Unfortunately it is 


Thanks for replies everyone.


----------



## ExmoorHunter (12 June 2013)

It will depend on the hunt as some no longer operate a collection service and then the horse will need to be taken to them to be pts.  I am not certain that all hunts will feed to hounds anyway and may incinerate.  We are lucky to have a number of local hunts who offer this service but in some areas there may not be those options.  Personally I prefer a bullet to an injection as I have friends who have had very bad experiences.  Best to give local hunt(s) a call to find out and also National Fallen Stock Service who are very helpful.


----------



## ExmoorHunter (12 June 2013)

Also meant to say that our local hunt with still collect and dispose if pts by injection by vet.


----------



## dunkley (12 June 2013)

Our local hunt will shoot at home, and remove. (I have to say, very, very, sensitively and kindly, both to horse and owners - sadly, I have used them three times in twelve months  ).  They will also remove an injected animal, but because they will have the same work, and no benefit, it costs a little more.  I think it does very much depend on the policies of your local pack.  (((HUGS)))


----------



## ExmoorHunter (12 June 2013)

It's such a horrible situation to be in and I really feel for you.  IME hunts are very sympathetic, compassionate and efficient but some younger vets have less experience and can make the situation more stressful.


----------



## Boxers (12 June 2013)

ExmoorHunter said:



			It's such a horrible situation to be in and I really feel for you.  IME hunts are very sympathetic, compassionate and efficient but some younger vets have less experience and can make the situation more stressful.
		
Click to expand...

Well we do follow a local hunt (daughter goes out with them) so feel that as the PTS situation isn't urgent, we may go that route, so that at least he can be 'useful' even in death.  

Can't believe I am posting this, I never thought I would be in this situation, and the final decision has not been made yet, but just wanted to see the lie of the land.


----------



## maggiesmum (14 June 2013)

Having had horses injected by a vet and shot by the hunt I have to say if you can deal with it (and not everyone can) then it's far quicker for them to be shot, it was much less stressful and over in an instant, and no huge bill dropped on the doormat a week later to kick off the grief again. (((Hugs)))


----------



## Luci07 (17 June 2013)

Broadly speaking a horse feeling well will fight an injection whereas an elderly or really sick animal won't. 

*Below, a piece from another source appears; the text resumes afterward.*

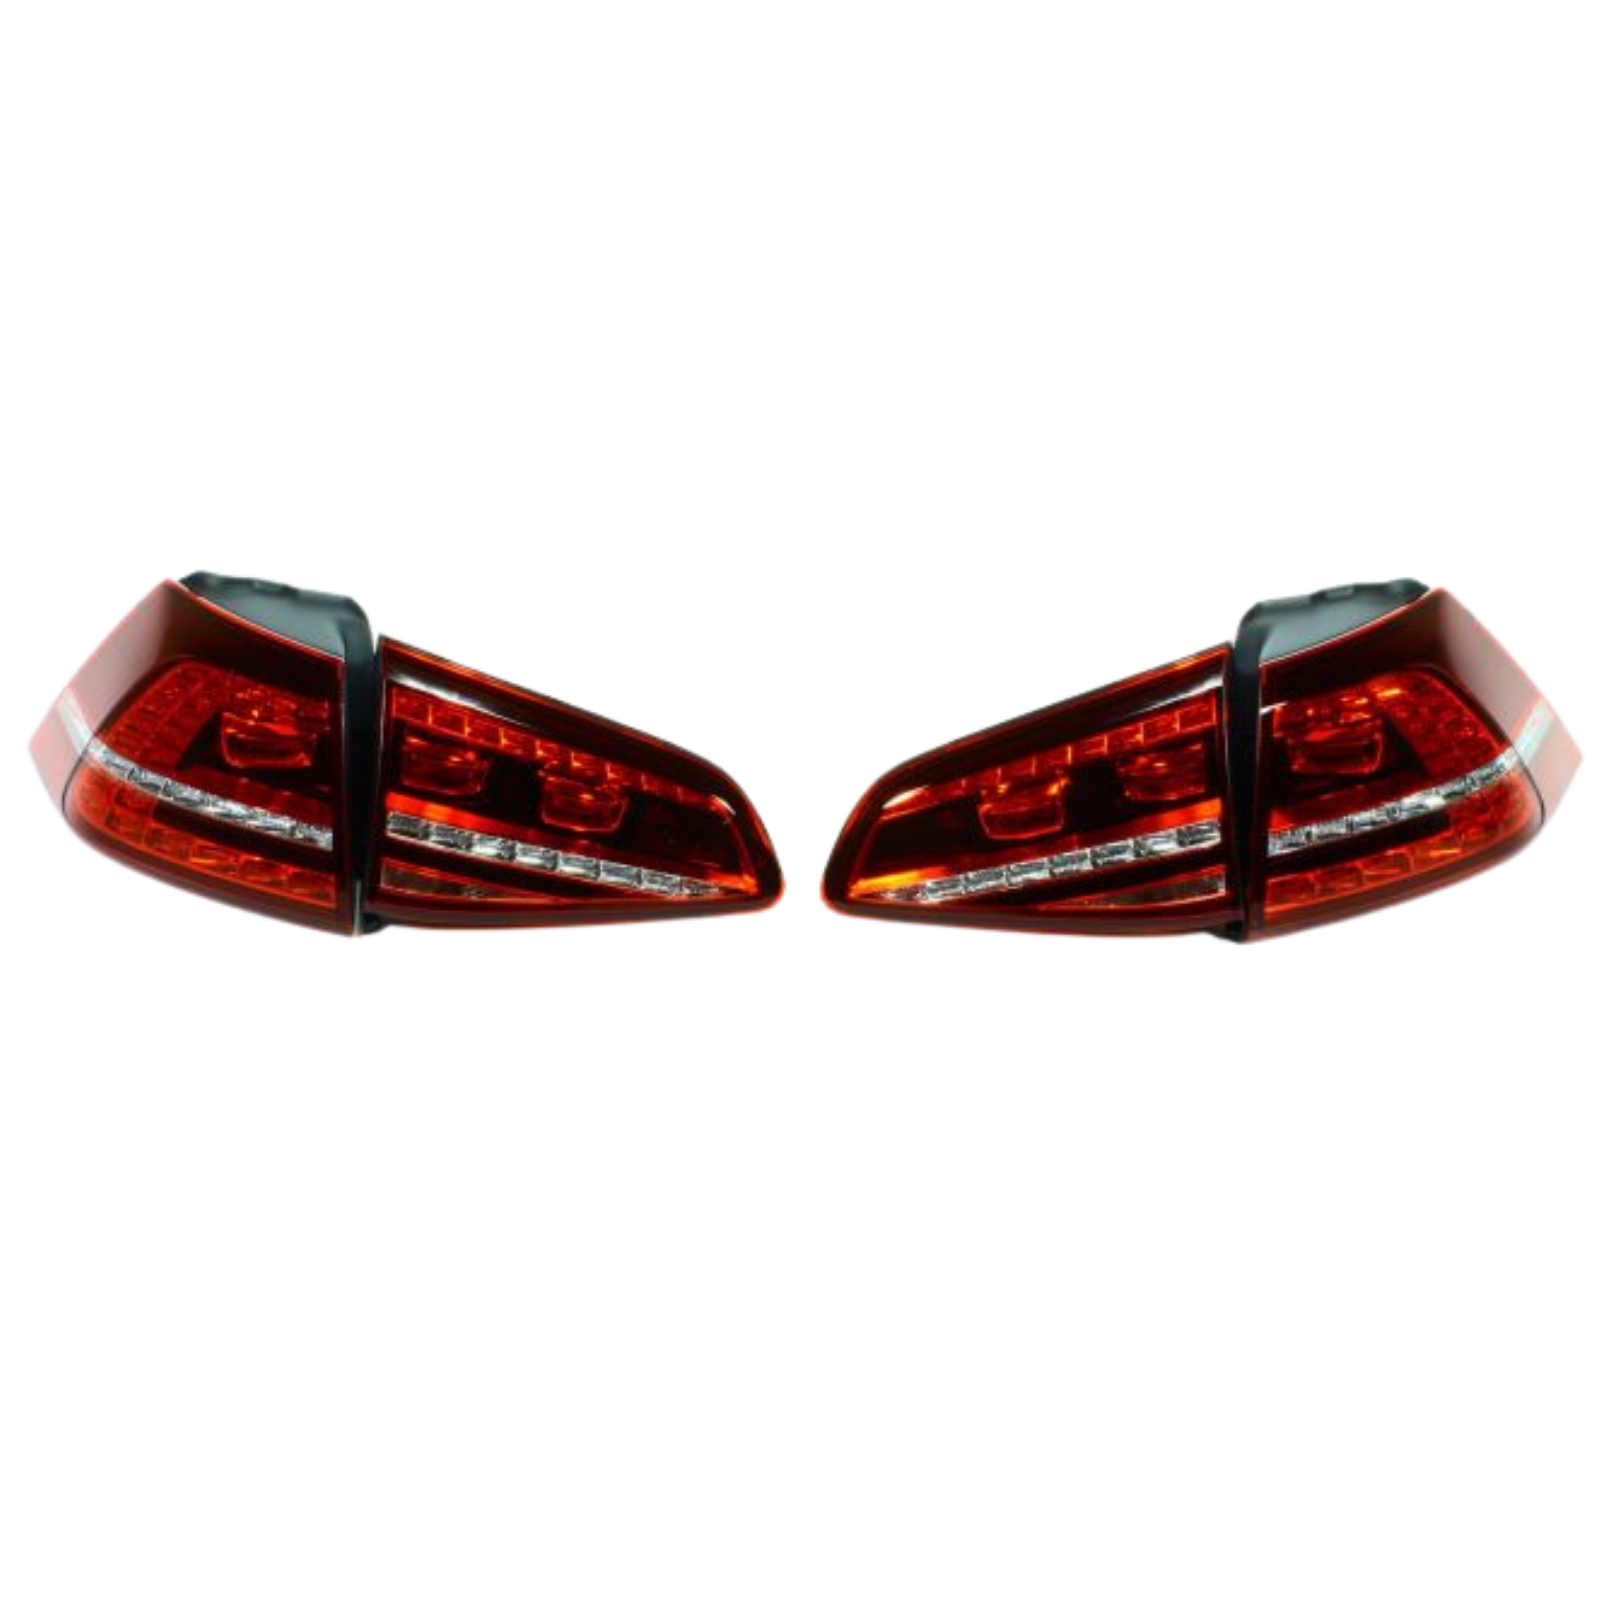 VW MK7 GOLF OEM STYLE SEQUENTIAL LED TAILLIGHTS

Horrible to be facing this but much much better to be prepared rather than have to do it all in a massive rush when you are already stressed and upset. Probably worth a call to your local hunt to see what they would do, and yes, while expected and justified, it does seem awful to have a large bill when there is no happy outcome.


----------



## elijahasgal (17 June 2013)

I would always get them shot, as it is quicker, but it is distressing, as nerves in the body fire of after causing quite a lot of movement.
Our hunt did that, and incinerated the body, even though she had no drugs or medication in her.
The man that came out was brillinat, made a fuss of her, asked why (she looked in fantastic health, but had a deteriorating back injury) then distracted me, to shoot her. It was quick, she was dead before she hit the floor.
I have heard of cases that even ill horses have fought the injection for several mins.
My advice, get an experienced knackerman, he will do the job quickly and calmly with no fuss, and the horse probably wouldnt know it was coming. If you are worried, get a mild sedative for them first.


----------



## RunToEarth (17 June 2013)

Boxers said:



			Well we do follow a local hunt (daughter goes out with them) so feel that as the PTS situation isn't urgent, we may go that route, so that at least he can be 'useful' even in death.  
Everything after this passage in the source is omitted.